The current implementation is removing all thousands separators other than what is specified as the "decimal" separator, which is quite risky and may leads to problems. It's better to follow what pandas is doing, i.e., have both decimal and thousands as separators. By default, the thousands separator should be None (so no replacement).

If there is some kind of weird string like 1,2.3,4, it should not be parsed as a number. I am not sure how far we should do to parse something like 1,2.34 with decimal . and thousands ,: it's not a format I recognize, but it would still be recognized as 12.34 rather than being rejected.

Another check that may be considered is counting the number of decimal separators, and reject any case where there is more than one.

Some additional comments:

While it's impossible to test all possible scenarios, tests should also include as many weird edge cases as we can come up with to see what could be the result.
The ToFloat docstring needs some more work to explain in more detail the behavior when decimal and thousands are set.

I'll convert this back to draft and keep an eye on this for the next PR.

gabrielapgomezji · 2025-12-17T11:24:40Z

When talking about the tests, it was mentioned to include 3 tests:

A test for Good inputs
A test for Bad Inputs
A test for bad parameters
I merged the last two tests including also bada parameters in the test. If it's better to have the 3 tests individually instead of the 2, I will modify it.

doc/modules/column_level_featurizing/feature_engineering_numerical.rst

rcap107 · 2025-12-17T13:13:05Z

doc/modules/column_level_featurizing/feature_engineering_numerical.rst

+During ``fit``, |ToFloat| attempts to convert all values in the column to
+numeric values after automatically removing other possible thousands separators
+(``,``, ``.``, space, apostrophe). If any value cannot be converted, the column
+is rejected with a ``RejectColumn`` exception.


I think this is not how the current version of the code is working: the regex pattern should reject anything that contains characters different from either the decimal or thousands separator.

There should also be an explanation of how the check is done (checking if there are parentheses, checking if thousands are separated by groups of 3 digits, adding the scientific notation)

doc/modules/column_level_featurizing/feature_engineering_numerical.rst

skrub/_to_float.py

rcap107 · 2025-12-17T14:16:07Z

skrub/tests/test_to_float.py

+        ("1,,234", ".", ","),
+        ("1.23,45", ".", ","),
+        # decimal == thousand
+        ("123,456,789", ",", ","),


Here we are testing that RejectColumn is raised as expected when it encounters values that should not be converted. This case should be moved to a separate test that verifies that the correct exception is raised if the parameters are incorrect. The same (new) test should also check that a ValueError is raised if decimal is None.

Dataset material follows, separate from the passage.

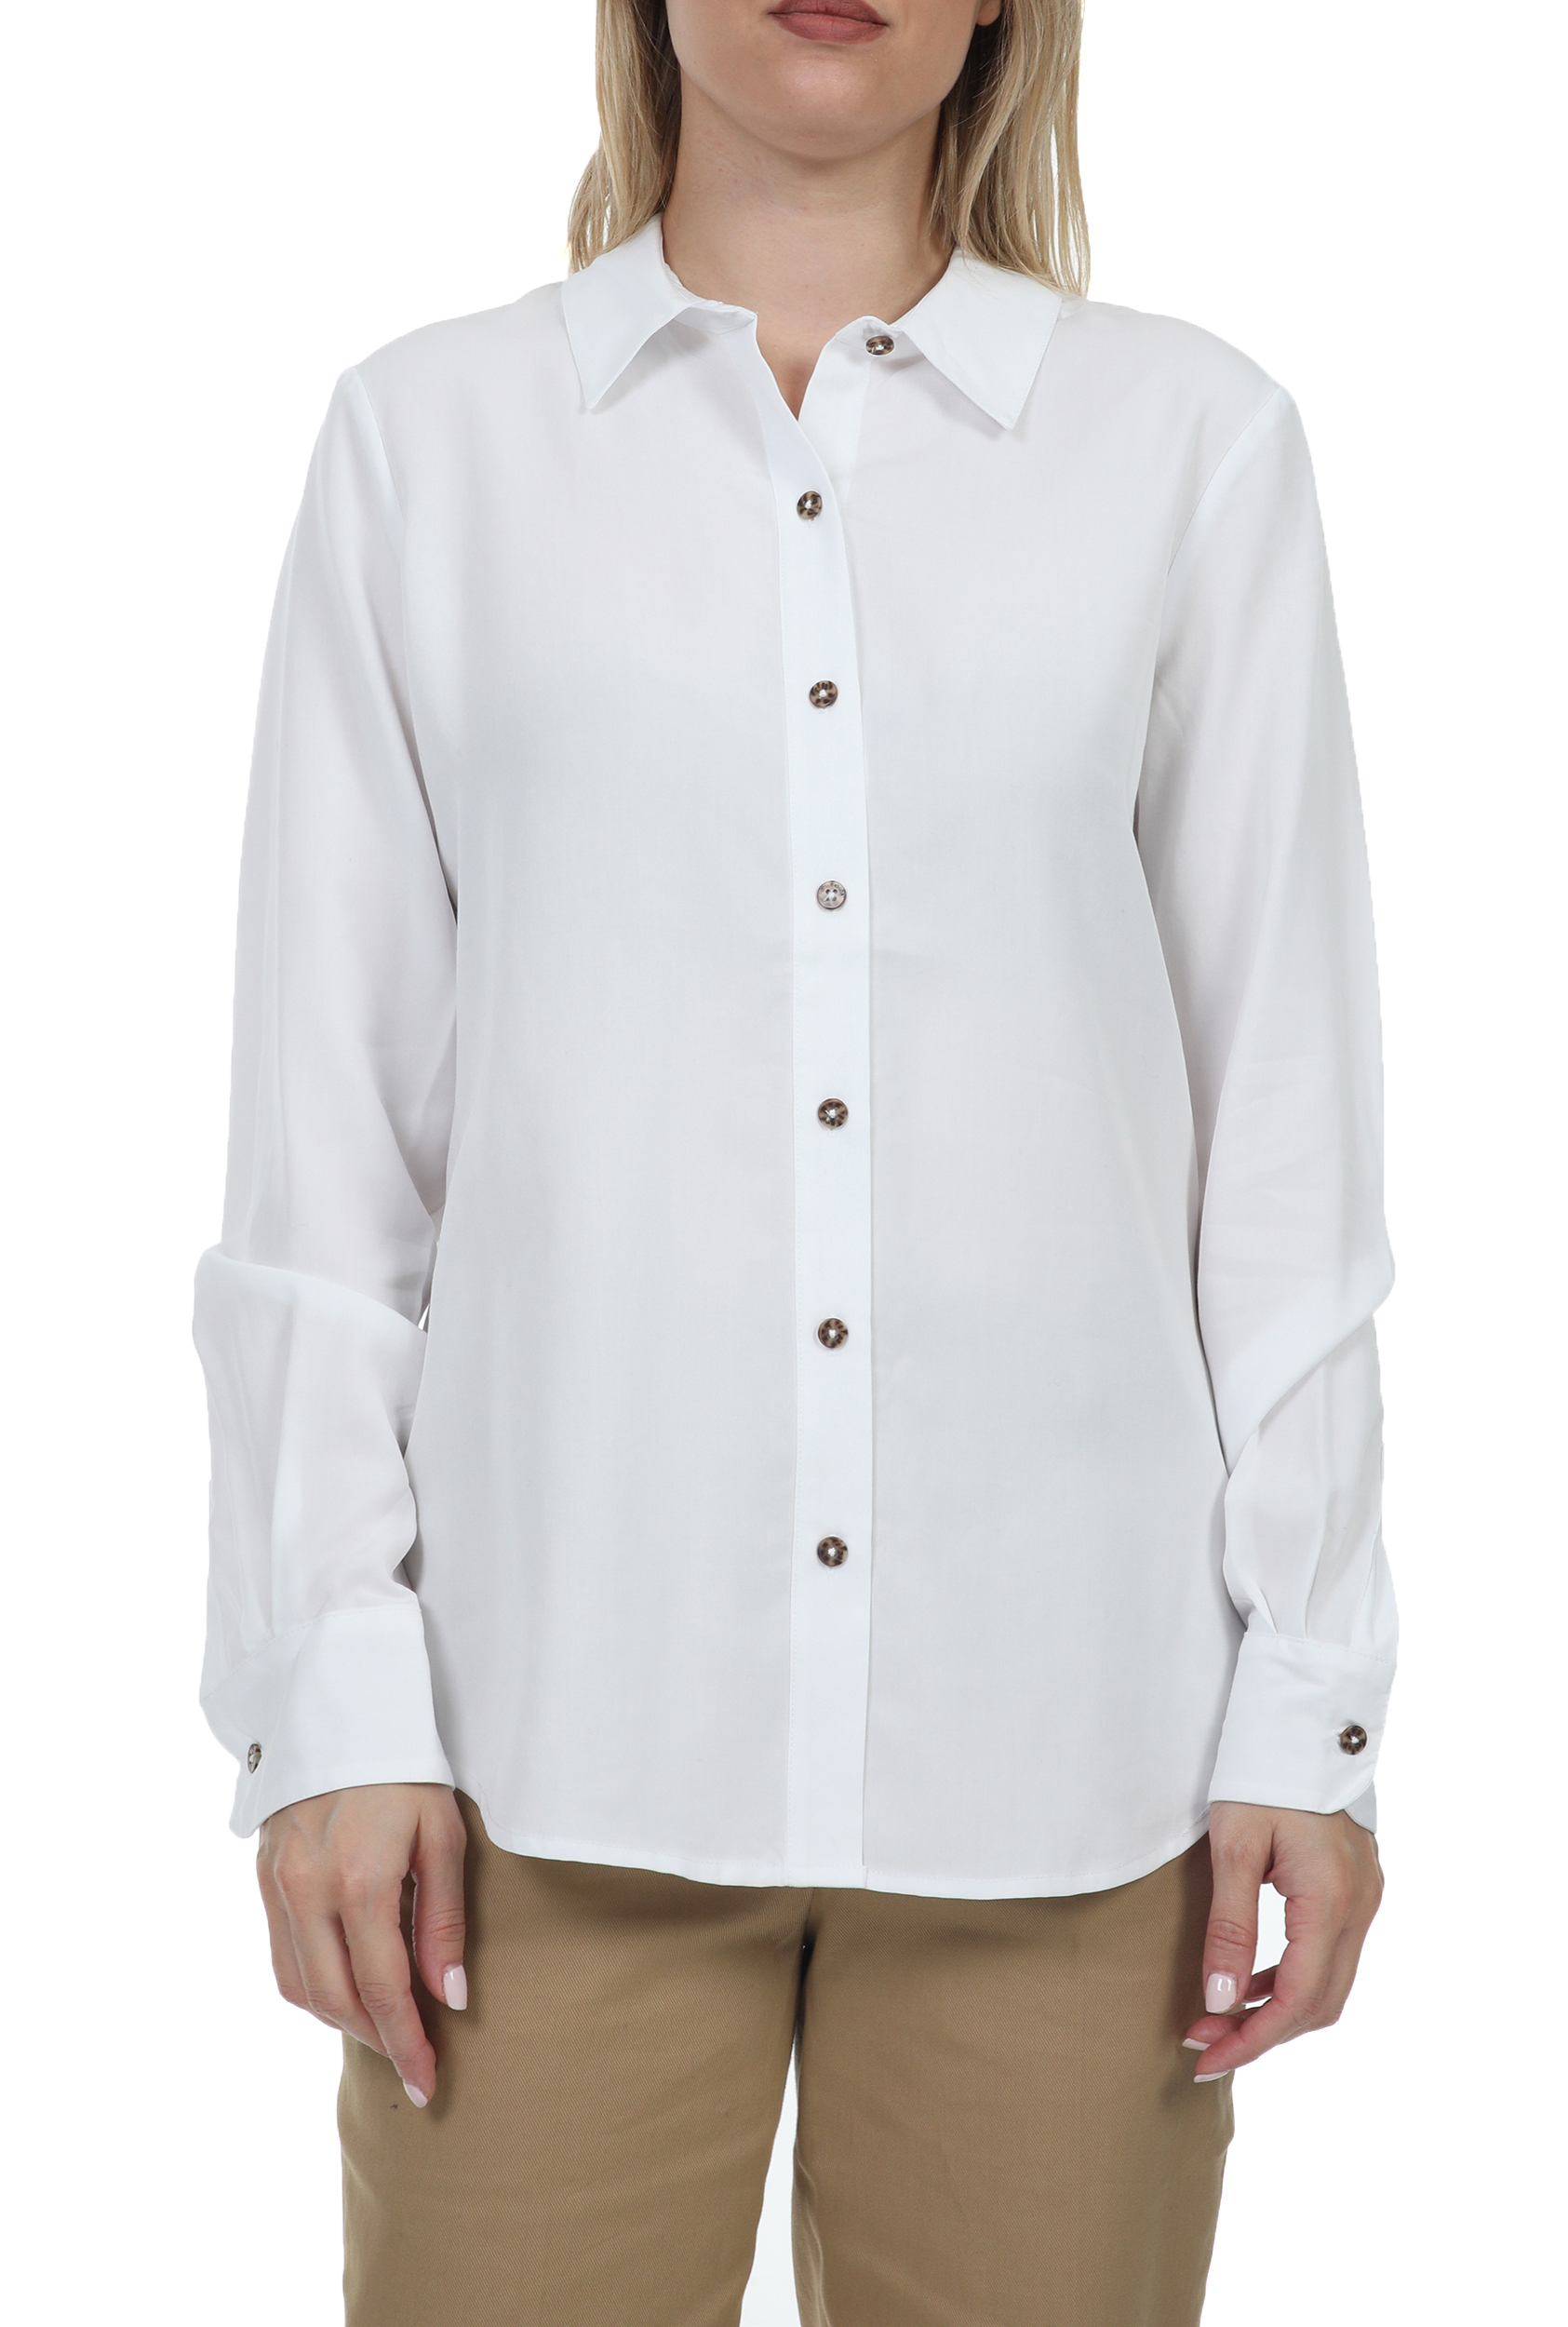 Γυναικεία/Ρούχα/Πουκάμισα/Μακρυμάνικα SCOTCH & SODA - Γυναικείο πουκάμισο SCOTCH & SODA λευκό

rcap107 · 2025-12-17T14:18:28Z

Thanks a lot for the PR @gabrielapgomezji! This will be very useful for parsing data that is not in the usual locale.

My comments are mostly about improving clarity in the documentation and adding comments in the code. I think the actual content of the PR is in a good shape, it's just a matter of polishing at this point.

rcap107 · 2025-12-18T10:48:44Z

skrub/_to_float.py

+        if self.thousand is None:
+            self.thousand = ""  # No thousand separator


This should be moved to the init, parameters should not be modified in the fit

…ical.rst Co-authored-by: Riccardo Cappuzzo <7548232+rcap107@users.noreply.github.com>

Co-authored-by: Riccardo Cappuzzo <7548232+rcap107@users.noreply.github.com>

rcap107 · 2026-01-20T13:13:44Z

skrub/_to_float.py

+def _str_is_valid_number_polars(col, number_re):
+    # Check if all values in the column match the number regex.
+    # - Fill NaN values with empty string to avoid match errors.
+    # - Use `str.match` with `na=False` to treat empty/missing values as non-matching.


Suggested change

# - Use `str.match` with `na=False` to treat empty/missing values as non-matching.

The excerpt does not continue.